- Country: El Salvador
- Coordinates: 14°15′34″N 89°16′10″W﻿ / ﻿14.25944°N 89.26944°W
- Purpose: Power
- Status: Proposed
- Construction cost: $455 million
- Owner(s): Comisión Hidroeléctrica del Río Lempa

Dam and spillways
- Impounds: Lempa River

Reservoir
- Total capacity: 592 million m^{3}
- Surface area: 15.3 km²

Power Station
- Hydraulic head: 354 m
- Installed capacity: 261 MW
- Annual generation: 863 GW·h

= Cimarron Hydroelectric Power Project =

Proposed power plant in El Salvador

Cimarron Hydroelectric Power Project a hydroelectric power plant in El Salvador, that was to start construction in 2010. The plant would have been be located in the upper basin of the Lempa River, upstream of the Cerrón Grande Hydroelectric Dam. The proposed location of the dam was between the town of Agua Caliente on the left shore and Metapán, Santa Ana, on the right shore. A tunnel would divert water from the Lempa River to a powerhouse and substation to be built near Agua Caliente. With an estimated capacity of 261 megawatts, the project would have increased El Salvador's total generation capacity by almost 25%.

The project was abandoned in 2009 by President Mauricio Funes, but has been considered again since 2016.

==Main features==
The dam would be built at 695 meters above sea level and would have had a height of 165 m and a length of 660 m. The dam reservoir would have covered an area of 15.3 km² and a capacity of 592 million m³.
The main stream tunnel was to conduct a total flow of 83.1 cubic meters per second from the dam to the plant; Four vertical axis Pelton turbines, with an installed capacity of 261 megawatt, would generate a yearly average of 686.7GWh. A 235 kV power line will connect the power plant to the national grid.

Environmental impact studies, initiated in 2005 and concluded in 2007, identified mitigation measures. One hundred and fifty families would have been relocated from their current homes. Waters of the Lempa River would have been diverted towards the Metayate River by way of a 1,200 meters discharge channel. The natural flow of the Lempa River would therefore be altered for a total length of 30 kilometers.

In El Salvador, the evolution of current oil prices made the Cimarrón Project more attractive than fossil thermal plants, which could provide comparable output. The estimated rate of return (ERR) of the Cimarrón is 12.23%.

==Environmental concerns==
Opponents of the project pointed to various drawbacks of the proposed project, but the issue at hand was the consequences that the dam would have had on the water flow of the Lempa River. The river already has four hydroelectric dams and represents some of the scarce water resources of the country. The Lempa River is the only river that can be of practical use for dams of significant electrical output in El Salvador.
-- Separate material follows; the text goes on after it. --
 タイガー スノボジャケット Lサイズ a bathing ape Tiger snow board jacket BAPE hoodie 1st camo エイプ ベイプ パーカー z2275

The Latinamerican Water Tribunal summarizes an ongoing complaint: “The Fundacion Rio Lempa along with the Comite Ambiental de Chalatenango, filed a complaint against the imminent construction and operation of "El Cimarron" Hydroelectric Power Project on the Lempa River, located in the Chalatenango Department. The opposing parties claim that such project poses a serious environmental and health threat for thousands of inhabitants, with further negative repercussions on the already deteriorated Lempa river basin.”
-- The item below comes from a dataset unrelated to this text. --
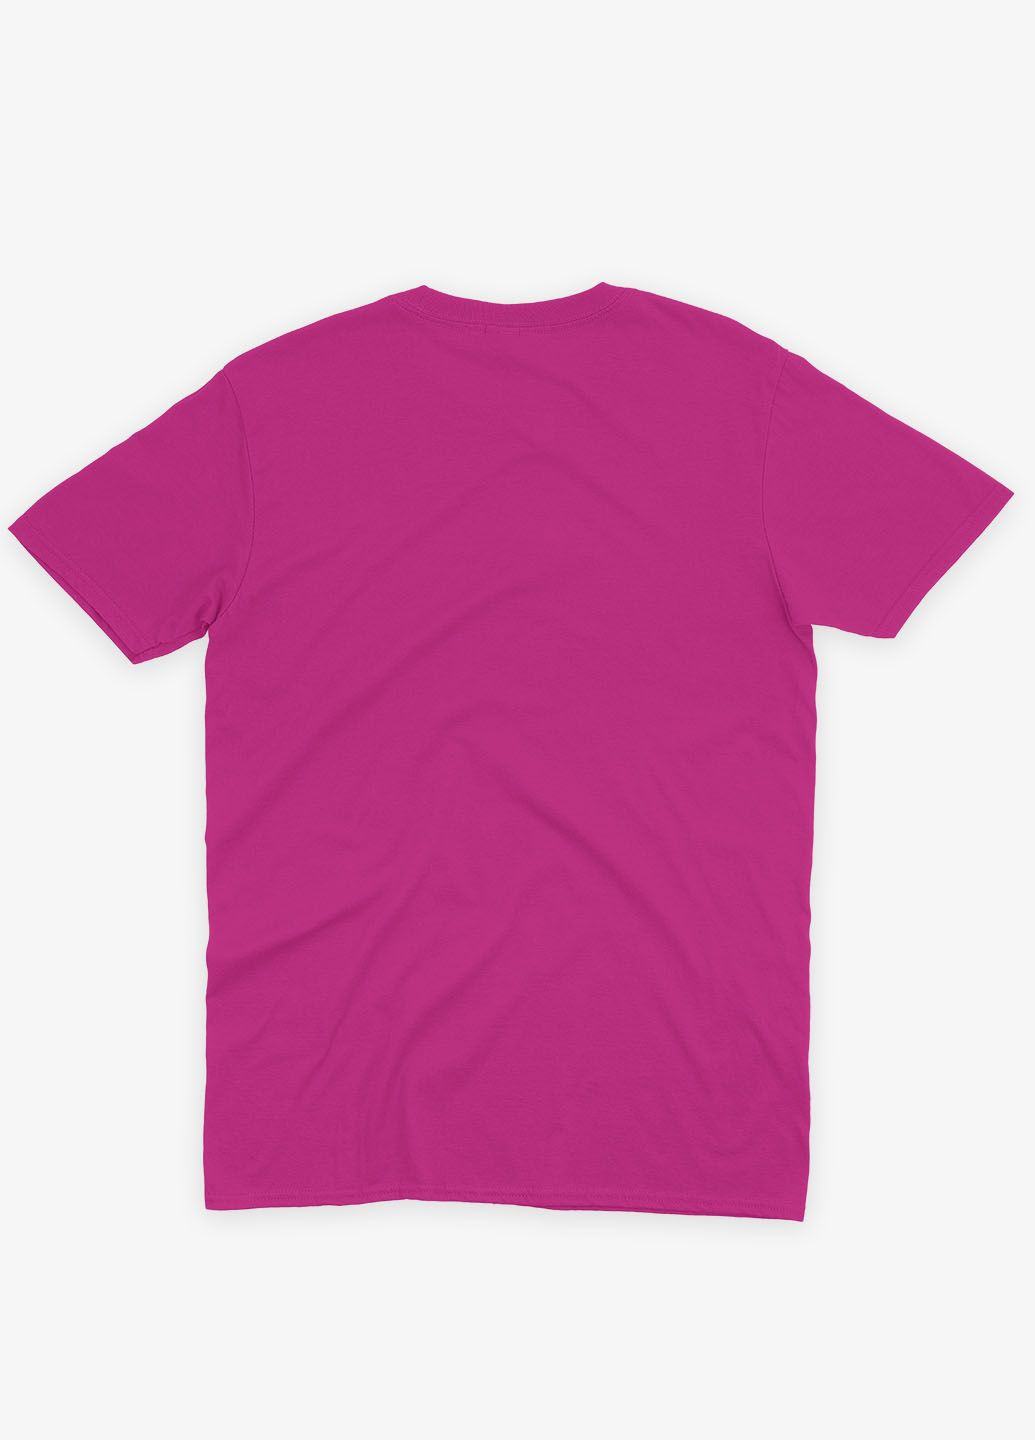 Розовая демисезонная футболка для девочки с принтом супергероев - часовые галактики (ts001-1-fuxj-006-017-013-g) Modno

On the other hand, in 2000, the Central American Water Tribunal resolved to ask the Salvadoran government to stop construction of the project, and to request the World Bank to stop financing it.

A study by the National University of Costa Rica presents an accurate view on the extreme dependence that El Salvador has on the Lempa River, and therefore the tremendous impact that this project will exert on this vital resource. Forty eight percent of El Salvador's population lives in cities, towns and villages (including the capital city) in the Lempa River basin, which covers 49% of the Salvadoran territory.

Paradoxically, the economic aspect of the project which appeared to be its driving force used by government agencies to gain support in the eyes of international lenders, may have become its most detrimental side after all. As a result of ever increasing prices of materials, due to the 2008 world recession, the initial building costs which were estimated at 400 million dollars have tripled to 1,100 million dollars. This amount in itself represents at least 1/20 of the Nominal GDP of the country which is 22,115 billion dollars.